The iptables script is a very simple iptables script. You only need to write the port to be opened to the "$ MPort" variable. Remember that up to 16 ports are allowed. Although this script is simple, it can meet our basic requirements. Sometimes, simple scripts play a greater role. Being complicated and bloated will not only be difficult to understand, but also slow down the processing speed of machines.
Explanations
Modprobe nf_conntrack_ftp ports = 21
Modprobe nf_nat_ftp
Open the FTP port and load the two modules. If you have modified the default FTP connection port, you also need to modify it here: "modprobe nf_conntrack_ftp ports = 21"

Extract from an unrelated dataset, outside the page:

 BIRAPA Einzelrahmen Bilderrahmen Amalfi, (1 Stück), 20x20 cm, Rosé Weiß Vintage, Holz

Iptables-a input-s 127.0.0.1/32-j ACCEPT
Local Loop, this is required.
Iptables-a input-p tcp-m state-state related, established-j ACCEPT
Match the existing connection and related to the existing connection, which is required by FTP.

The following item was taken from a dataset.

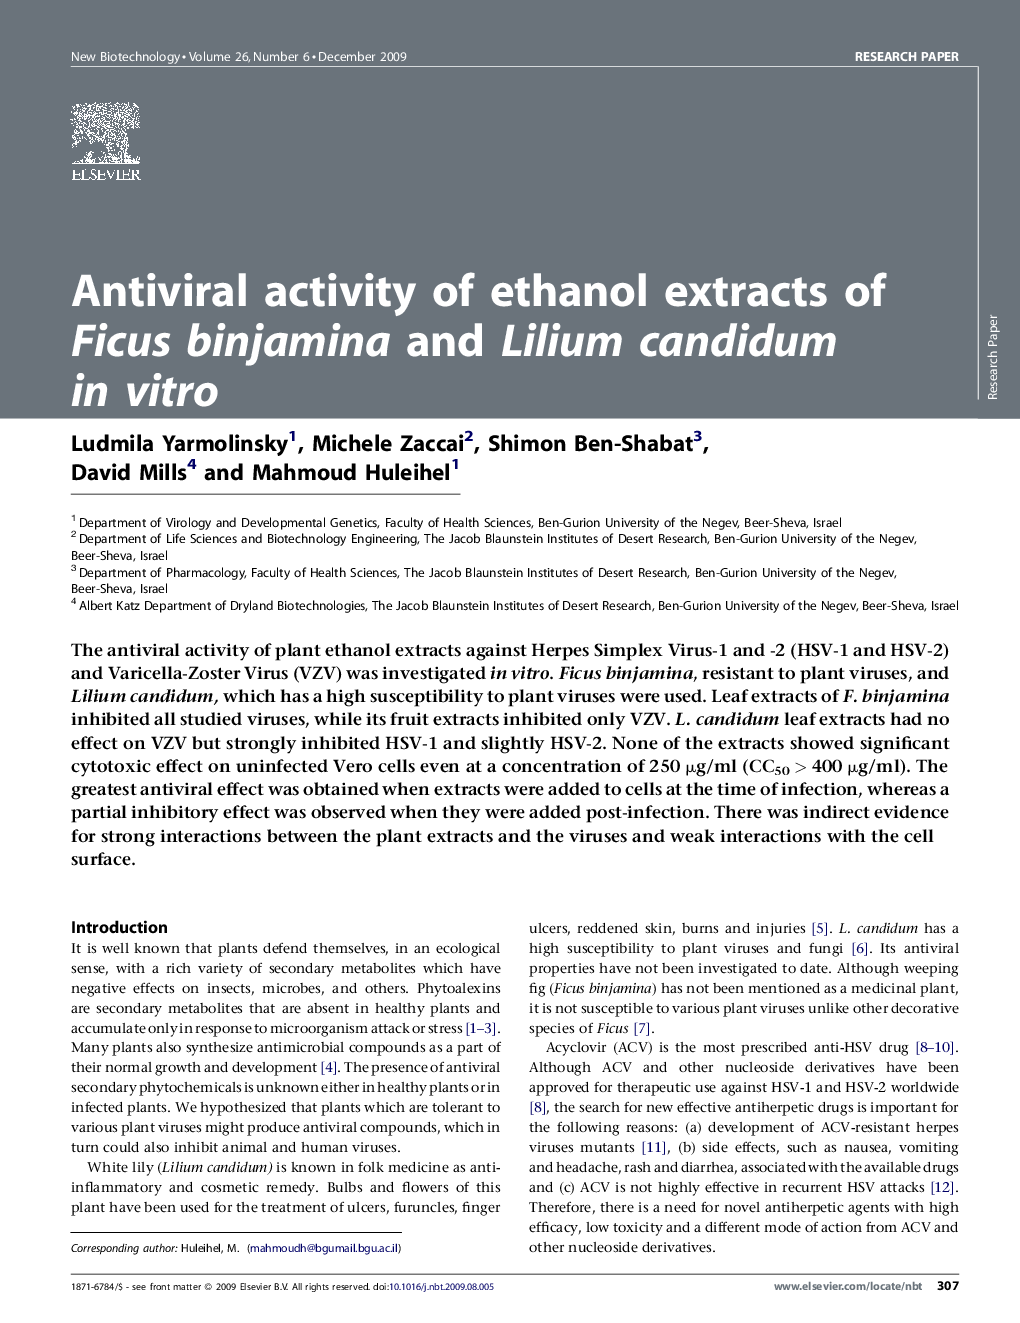 Antiviral activity of ethanol extracts of Ficus binjamina and Lilium candidum in vitro

Iptables-a input-p icmp-type 8-m limit-limit 1/s-limit-burst 3-j ACCEPT
Limit the ping check speed.
Iptables script iptables. sh
#! /Bin/bash
# Author: InBi
# Date: 2011-08-16
# Website: http://www.itwhy.org/2011/07-28/912.html
######################################## ##########
MPort = ", 21, 80"
######################################## ##########
Modprobe nf_conntrack_ftp ports = 21
Modprobe nf_nat_ftp
/Sbin/iptables-t filter-Z; iptables-t filter-F; iptables-t filter-X
/Sbin/iptables-p input drop; iptables-p output accept; iptables-P FORWARD DROP
/Sbin/iptables-a input-p tcp-m state -- state related, established-j ACCEPT
/Sbin/iptables-a input-p tcp! -- Syn-m state -- state new-j DROP
/Sbin/iptables-a input-s 127.0.0.1/32-j ACCEPT
/Sbin/iptables-a input-p udp -- sport 53-j ACCEPT
/Sbin/iptables-a input-p tcp-m multiport -- dports $ MPort-j ACCEPT
/Sbin/iptables-a input-p icmp -- icmp-type 8-m limit -- limit 1/s -- limit-burst 3-j ACCEPT Save the above content to iptables. sh (the file name is self-obtained), and then the execution permission is added. It will be OK after you add the command to start the system.